# What we're trying:
The point of this notebook is to compare the entropy values for H(S|G|A) and for H(S|A)
or H(S|A|G) and H(S|G), i.e. how entropy of (target | attr 1 | attr 2) compares to that of (target | attr 1).

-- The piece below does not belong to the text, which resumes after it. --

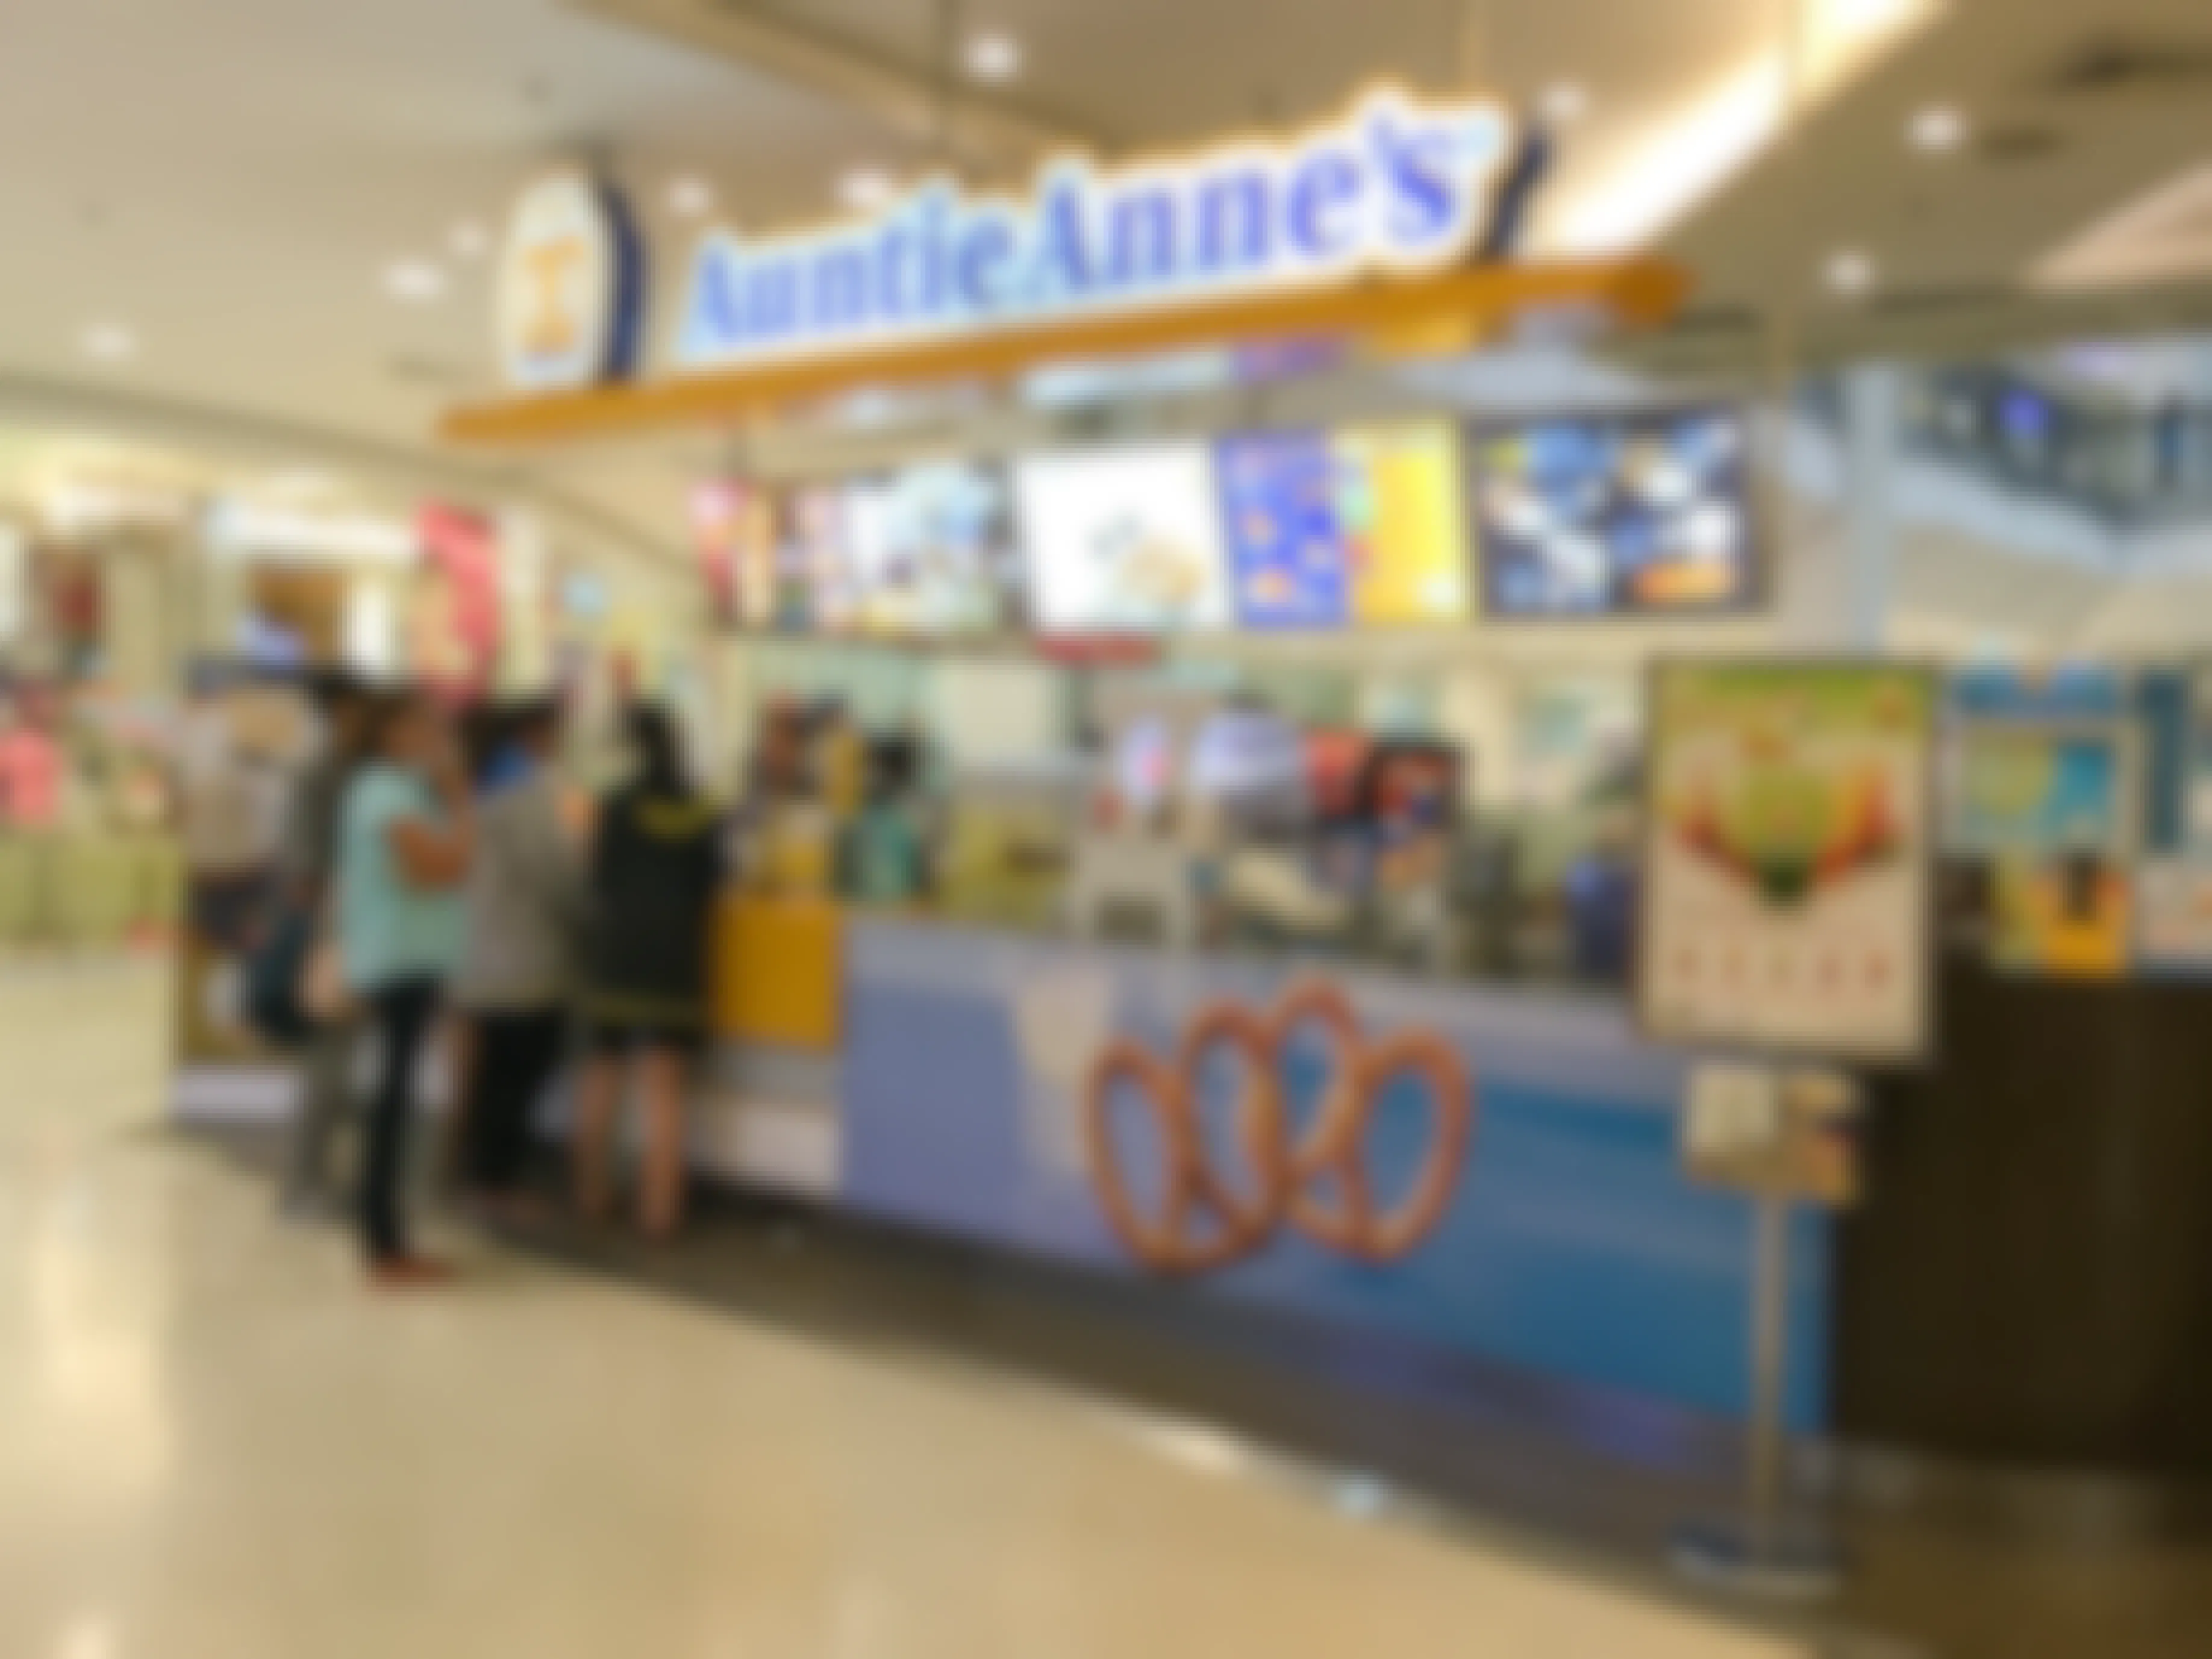 A group of people standing at an Auntie Anne's counter inside a mall.
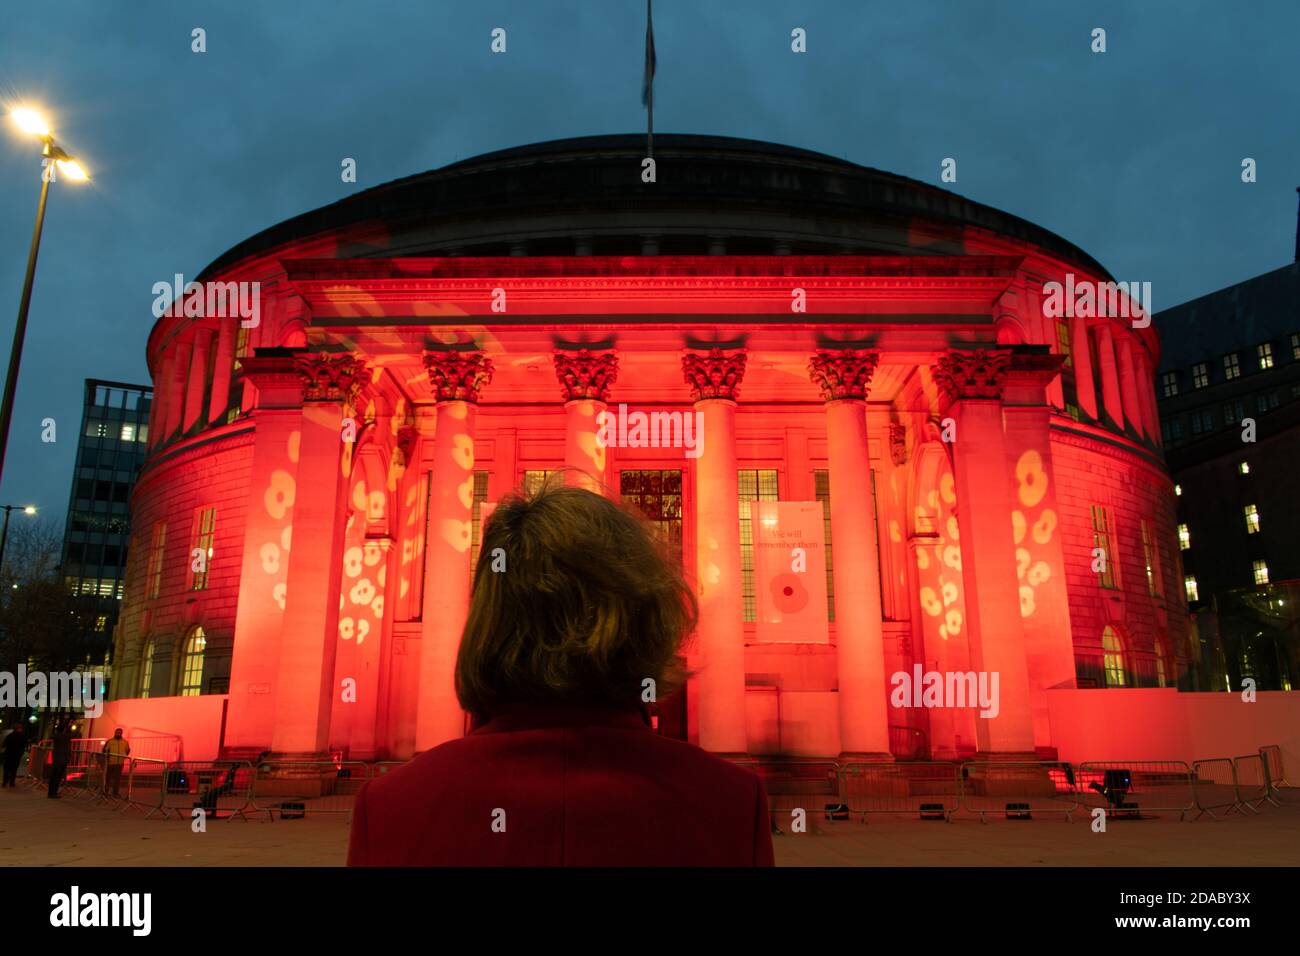 Armistice Day Commemoration during lockdown. Manchester Central Library, UK lit with red light and poppy design. Woman looking on. Public Building. Stock Photo

While taking the two-level conditional entropies, we followed the following algorithm:
1. Entropies of all subclass of a particular branch taken individually
2. Weighted avg entropies of all subclasses taken 
3. This weighted avg entropy becomes conditional entropy of Attr 2
4. Weighted avg entropies of conditional entropies (from step 3) of the n partitions of Attr 2 are taken
5. This is the conditional entropy of (Target | Attr 1 | Attr2)

In [43]:
import numpy as np
import pandas as pd
eps = np.finfo(float).eps
from numpy import log2 as log

In [44]:
train = pd.read_csv("./dataset/train.csv")
test = pd.read_csv("./dataset/test.csv")
train['Survived'].value_counts()

0    549
1    342
Name: Survived, dtype: int64

In [45]:
train.dropna(axis=0, inplace = True)

In [46]:
train.drop(['Cabin','Name','PassengerId','SibSp'],axis = 1, inplace=True)

In [47]:
dummies = []
cols = ['Pclass', 'Sex', 'Embarked']
for col in cols:
    dummies.append(pd.get_dummies(train[col]))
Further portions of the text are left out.